Selbst als die CIA zu dem Schluss kam, dass MbS den grausamen Mord an Khashoggi persönlich anordnete, nahm Trump den Prinzen mit schwammigen Erklärungen in Schutz: „Vielleicht hat er es getan, vielleicht aber auch nicht.“ Die Senatoren, ebenfalls von CIA-Chefin Gina Haspel unterrichtet, werten die gleiche Faktenlage ganz anders. Stünde MbS vor einer Geschworenenjury, würde die ihn schon nach 30 Minuten Gerichtsverhandlung schuldig sprechen, meint Bob Corker, ein moderater Republikaner, der die politische Arena demnächst verlässt. „Nie zuvor bei einem Geheimdienst-Briefing habe ich derart überzeugendere Beweise gesehen. Niemals zuvor.“

In einer zweiten Resolution forderte die kleinere der beiden Parlamentskammern das Weiße Haus auf, Riad im Krieg im Jemen die Unterstützung zu entziehen. Bemerkenswerterweise verbündeten sich sieben Republikaner mit den 49 Demokraten, so dass das Ergebnis mit 56 zu 41 Stimmen klarer ausfiel als erwartet. Eingebracht wurde das Papier von Mike Lee und Bernie Sanders, der eine ein Konservativer aus dem Mormonenstaat Utah, der andere die Symbolfigur der amerikanischen Linken – auch dies ein interessanter Schulterschluss. Beide berufen sich auf den War Powers Act, ein 1973 zu Zeiten des Vietnamkriegs beschlossenes Gesetz, das die Entsendung von Soldaten in Kriegsgebiete nur dann gestattet, wenn sich die Exekutive von der Legislative grünes Licht geben lässt.

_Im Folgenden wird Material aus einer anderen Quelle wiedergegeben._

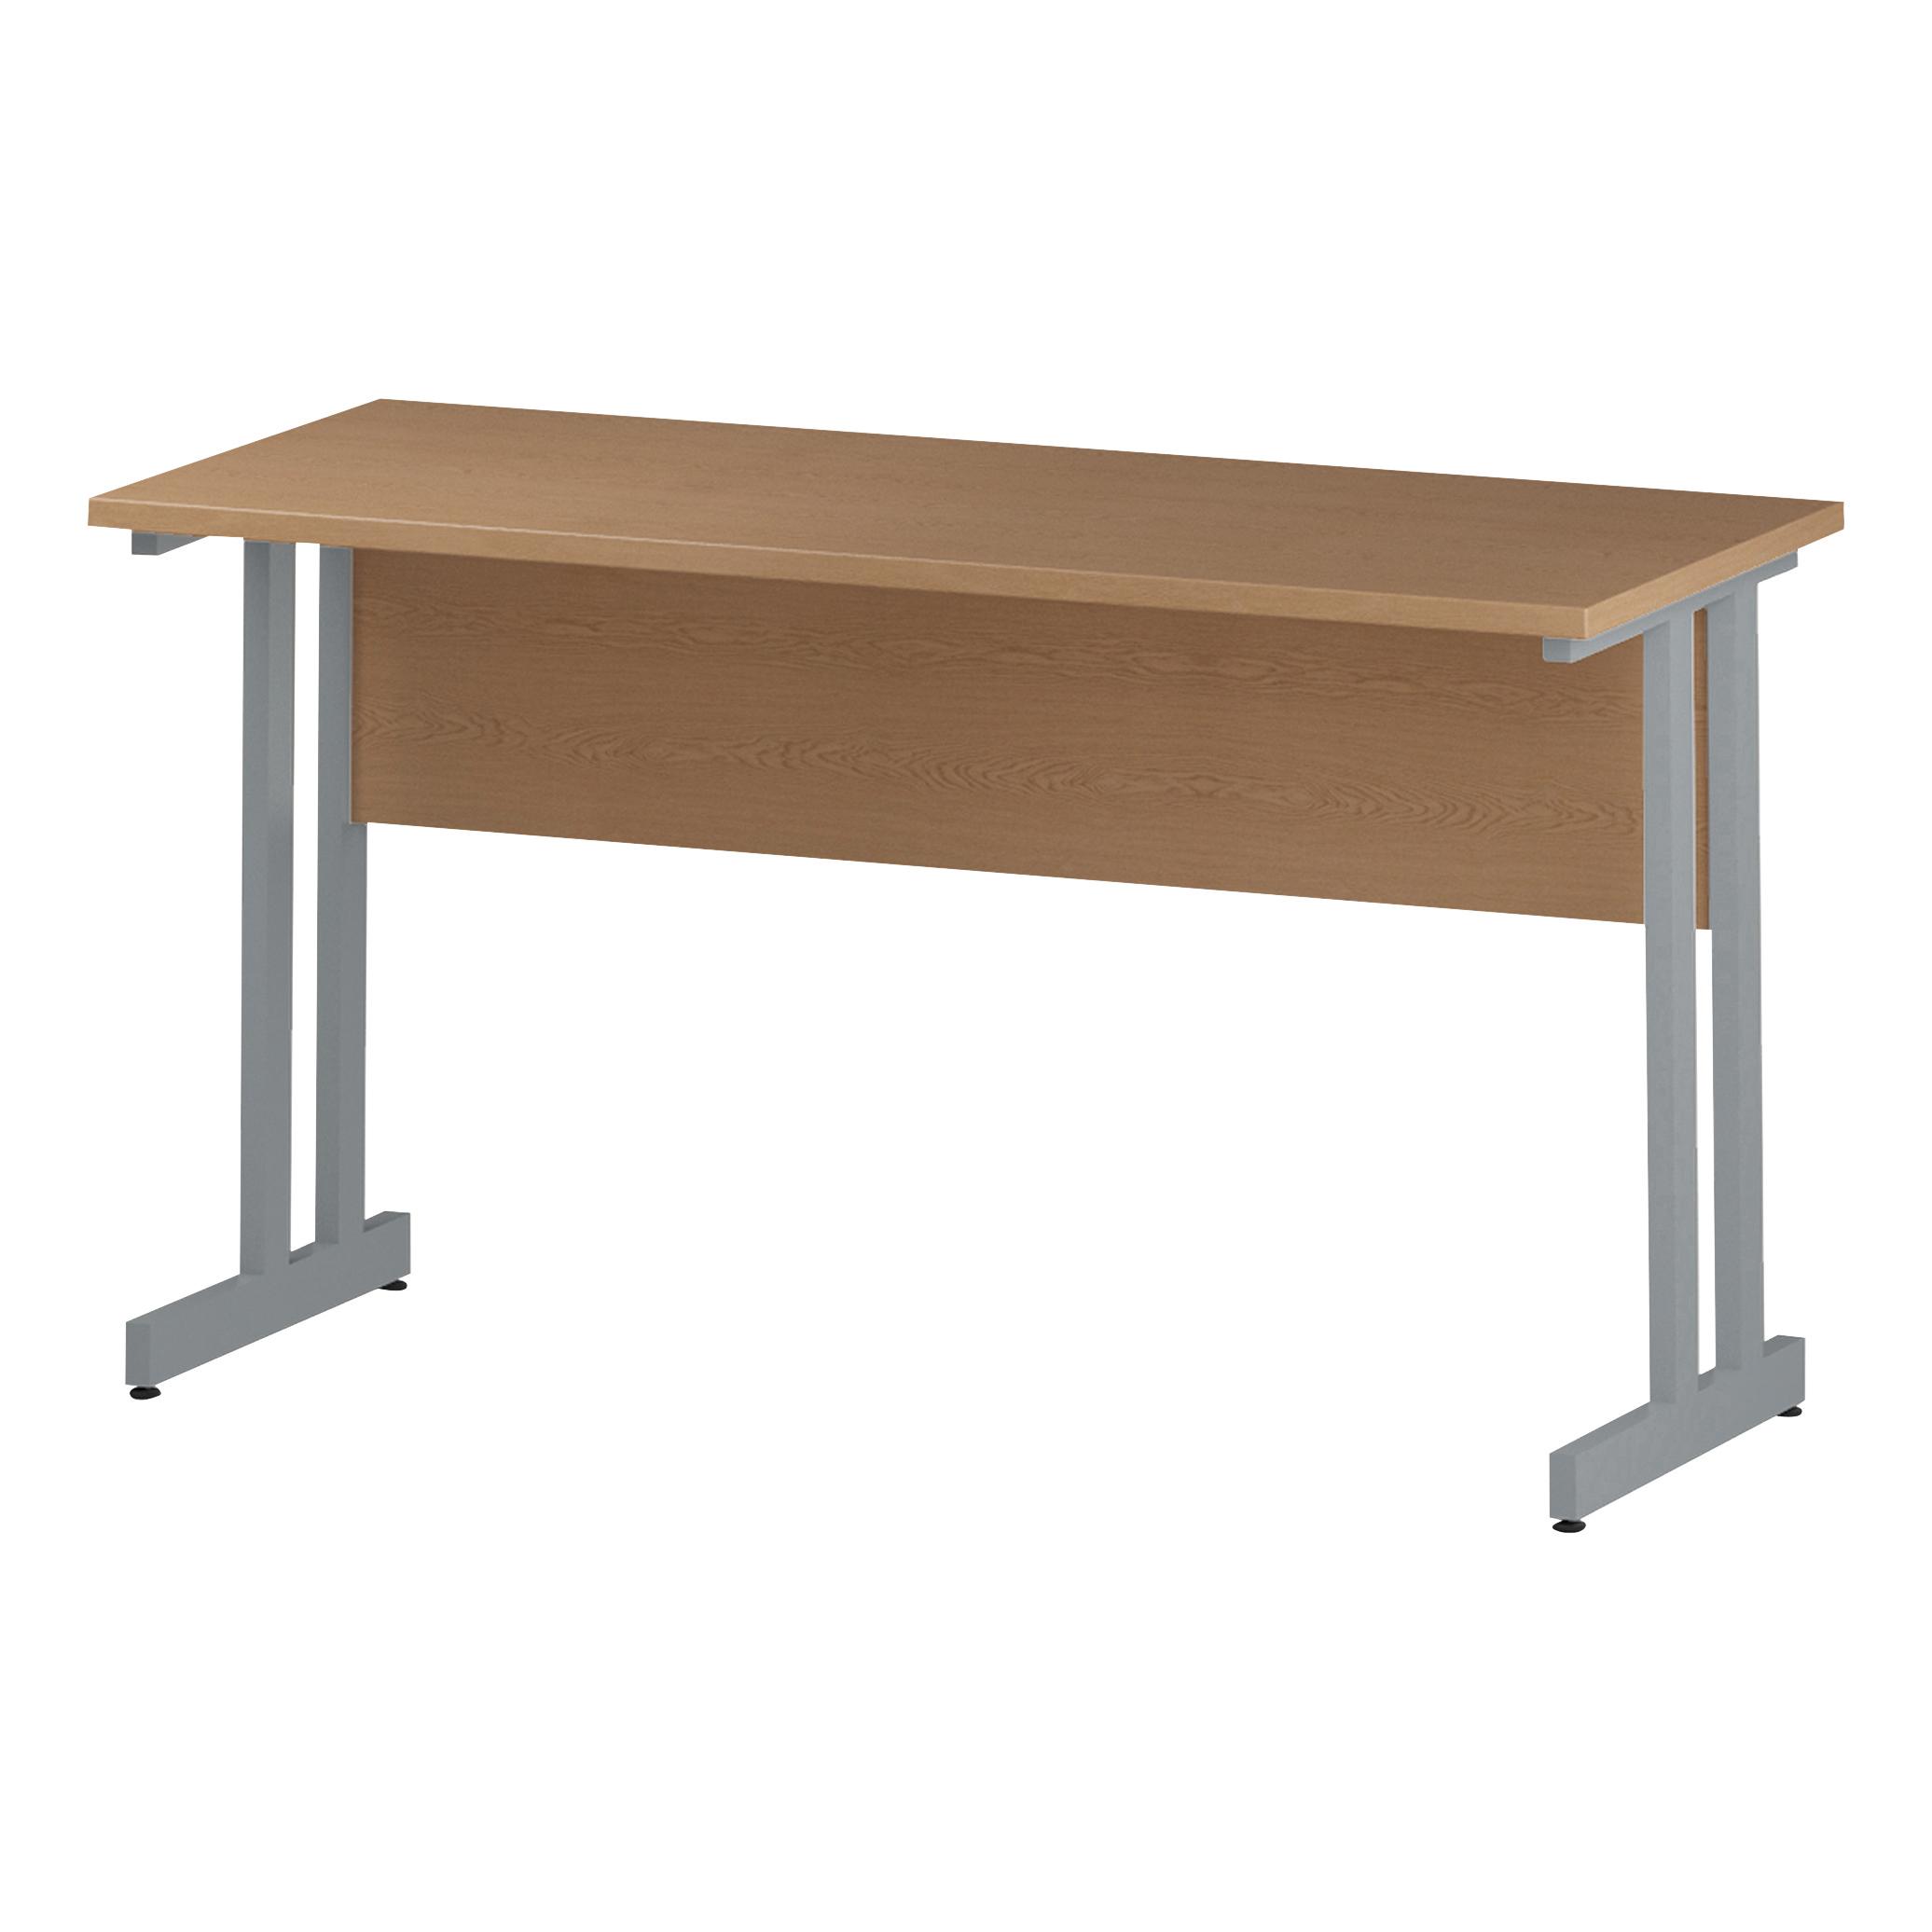 Trexus Rectangular Slim Desk Silver Cantilever Leg 1400x600mm Oak Ref I002649

Seit nahezu vier Jahren, argumentieren Lee und Sanders, sei US-Militär in die Kämpfe der von Saudi-Arabien angeführten Koalition gegen die schiitischen Huthi-Rebellen im Jemen verwickelt. Indem man Bombenflugzeuge in der Luft auftanke, bei der Auswahl von Zielen helfe und Erkenntnisse der Geheimdienste weitergebe, sei man direkt am Kriegsgeschehen beteiligt. Innerhalb von 30 Tagen, verlangt nun eine Mehrheit der Senatoren, müsse der Präsident das damit beauftragte Personal nach Hause beordern.

Unmittelbare praktische Folgen hat der Text zwar nicht, da auch das Repräsentantenhaus die Senatsvorlage aufgreifen müsste und momentan kaum etwas darauf hindeutet, dass es dies in der ablaufenden Legislaturperiode noch tut. Gleichwohl verdeutlicht er, mit welch heftigem Gegenwind Trump in einer Schlüsselfrage seiner Nahostpolitik rechnen muss. Falls er gehofft hatte, nach heftigem, aber kurzem Aufruhr wegen der Causa Khashoggi würde der Kongress zur Tagesordnung übergehen, ohne die Allianz mit MbS und dem Wüstenkönigreich infrage zu stellen, sieht er sich eines Besseren belehrt. Der Unmut pflanzt sich auch deshalb fort, weil nicht allein das Kapitel Saudi-Arabien zur Debatte steht, sondern Grundsätzlicheres: Trumps merkantilistische Weltsicht, in der Werte keine Rolle spielen, weil sich alles ums Geschäft dreht.